### TASK MATERIAL
++++++++++++++++++++

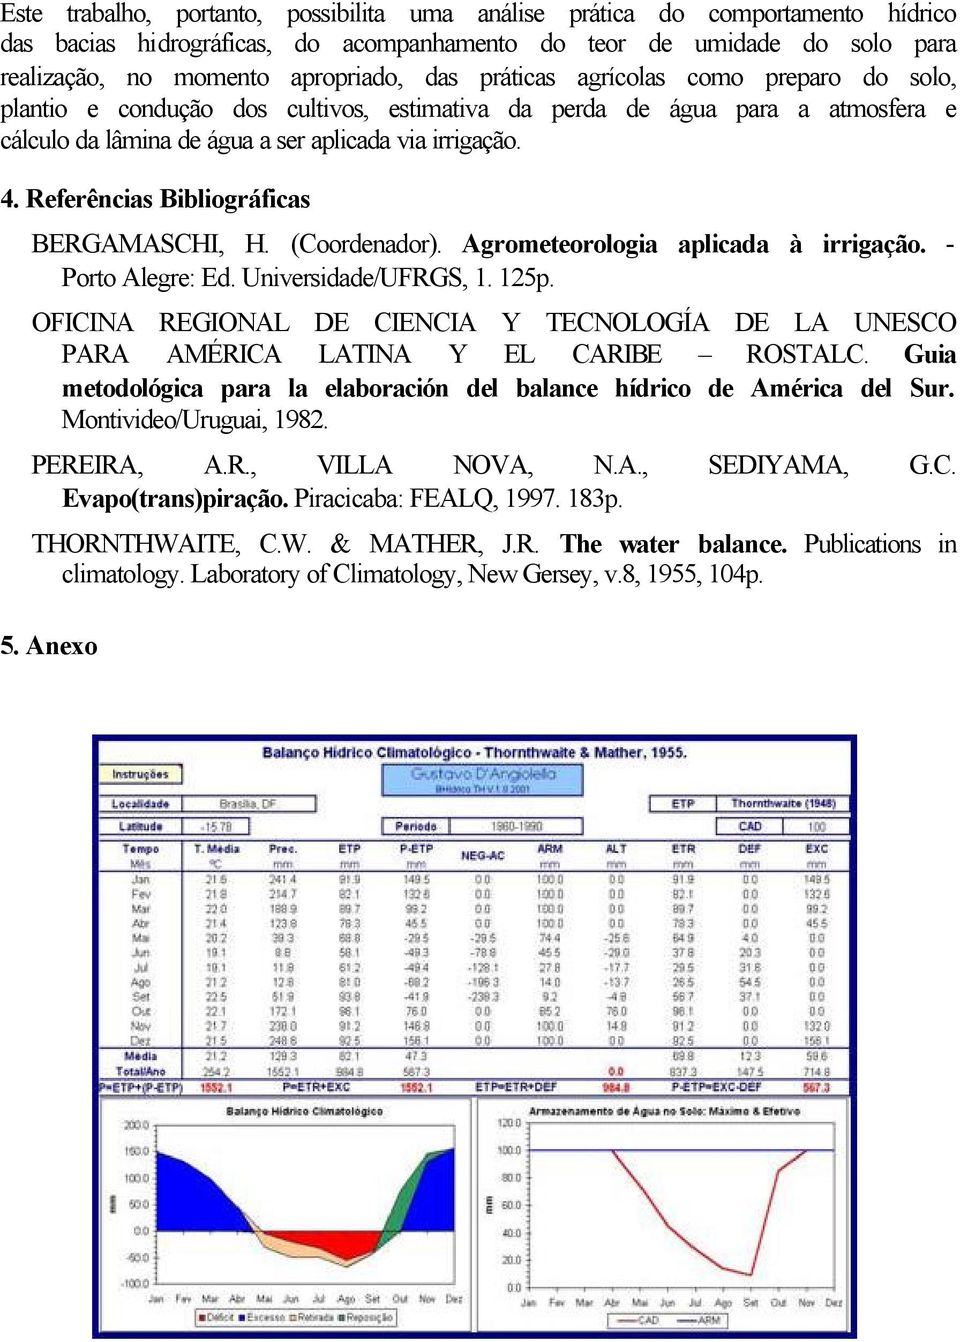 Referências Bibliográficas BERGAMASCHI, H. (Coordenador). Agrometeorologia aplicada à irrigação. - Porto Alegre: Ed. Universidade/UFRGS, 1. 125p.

++++++++++++++++++++

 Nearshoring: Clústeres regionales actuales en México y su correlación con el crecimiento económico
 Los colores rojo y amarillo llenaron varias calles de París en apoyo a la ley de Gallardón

++++++++++++++++++++

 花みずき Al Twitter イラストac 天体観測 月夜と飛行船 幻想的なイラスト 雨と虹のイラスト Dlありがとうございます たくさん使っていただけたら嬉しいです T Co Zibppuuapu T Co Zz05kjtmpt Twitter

++++++++++++++++++++

### INSTRUCTIONS FOR THE TASK
Please reproduce, exactly as they appear above, the lines from the line containing "Nearshoring: Clústeres regionales" up to and including the line containing "Los colores rojo".

### RESULT BELOW
 Nearshoring: Clústeres regionales actuales en México y su correlación con el crecimiento económico
 Los colores rojo y amarillo llenaron varias calles de París en apoyo a la ley de Gallardón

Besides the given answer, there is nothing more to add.